Letter
Fagged out
Dear healthmatters—Cecelia Farren’s story on tobacco advertising (healthmatters issue 6) contains several misconceptions which cannot be allowed to go unchallenged.
Her assetion that tobacco advertising bans in Portugal and Finland have coincided with a drop in consumption is not borne out by the figures.

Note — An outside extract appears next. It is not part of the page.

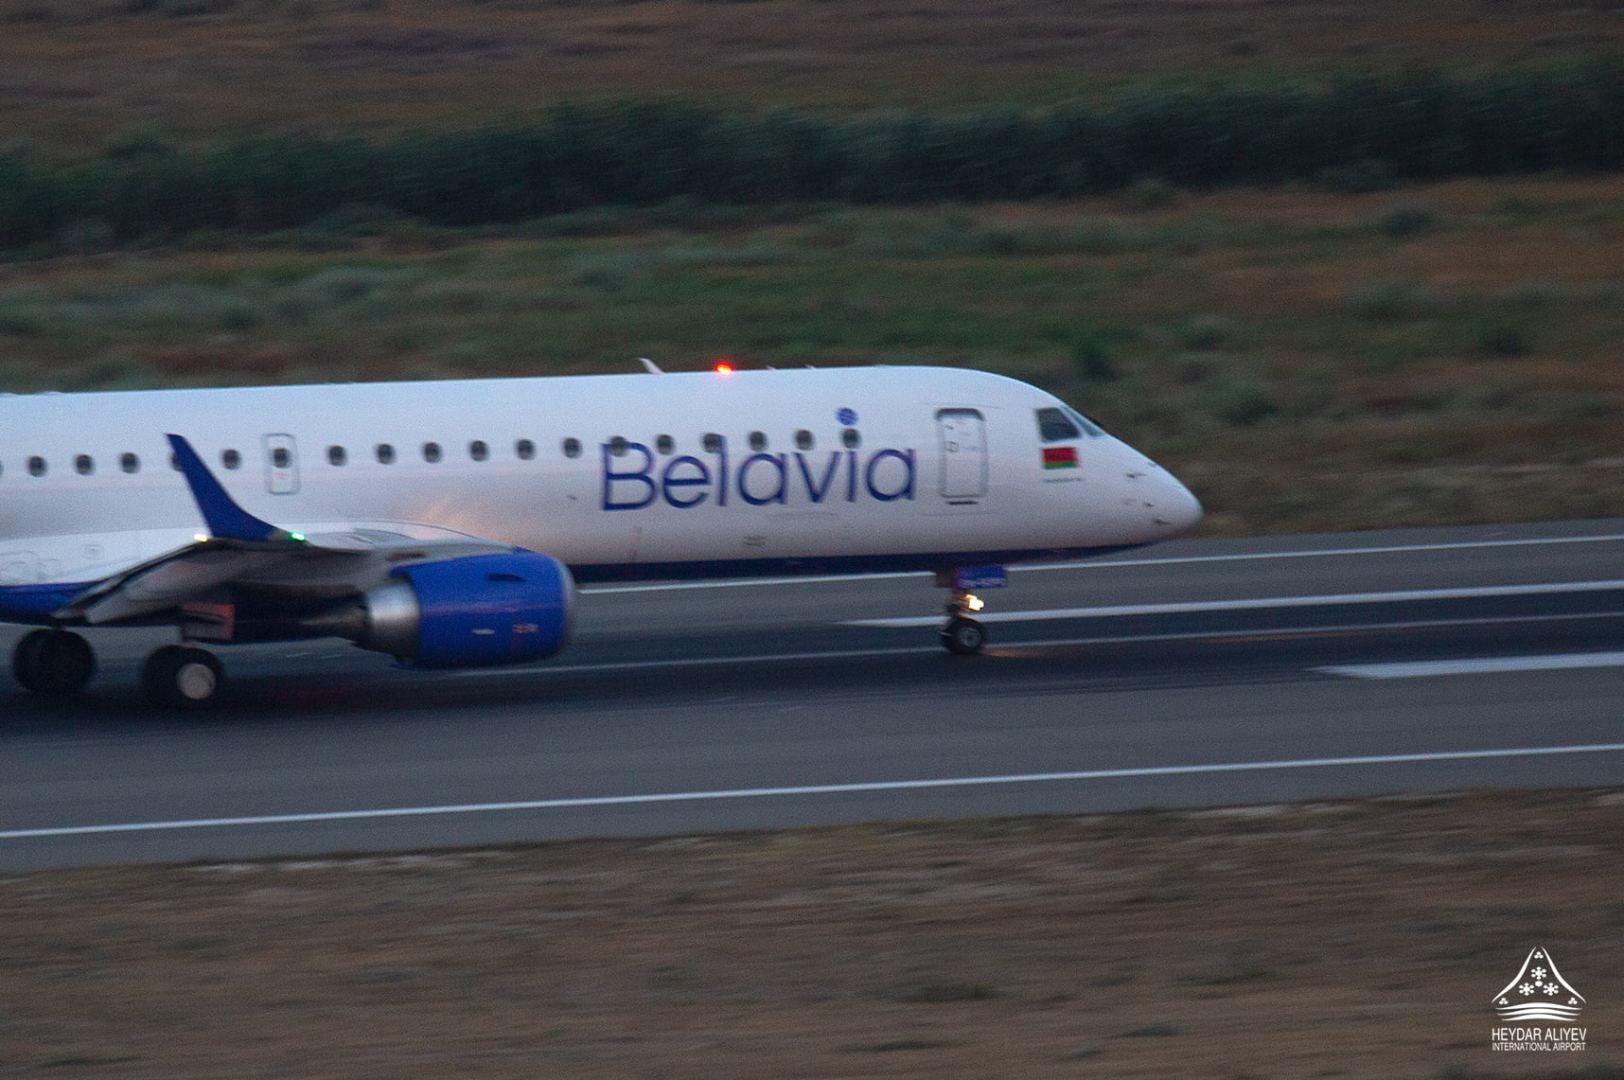 Belavia airlines from Belarus to increase flight frequency to Turkmenistan

Since 1978 — when tobacco advertising was banned in Finland — consumption has risen from 6.6bn cigarettes to 7.7bn in 1989.
Portugal has experienced an increase in consumption from 12bn cigarettes per year in 1979 to 14.2bn in 1989, exactly the reverse of the results of the 33 country ‘survey’ quoted by Ms Farren.
In the UK, where tobacco advertising is allowed under the terms of a Voluntary Agreement between government and industry, there has been a decline in consumption from a peak of 132bn in 1975, to about 98bn today.
I would suggest to Ms Farren, like so many of her allies in anti-smoking organisations, has fallen victim to the ‘ban it because it is there’ syndrome, where tobacco advertising is concerned.
Individuals are quite capable of making up their own minds on lifestyle choices, whether it be smoking, driving a car or eating certain foods, on the basis of the information available to them.
The last thing they want is Ms Farren and others telling them what they should do, particularly when — in Ms Farren’s article — the evidence on smoking consumption used to justify a ban is fundamentally flawed.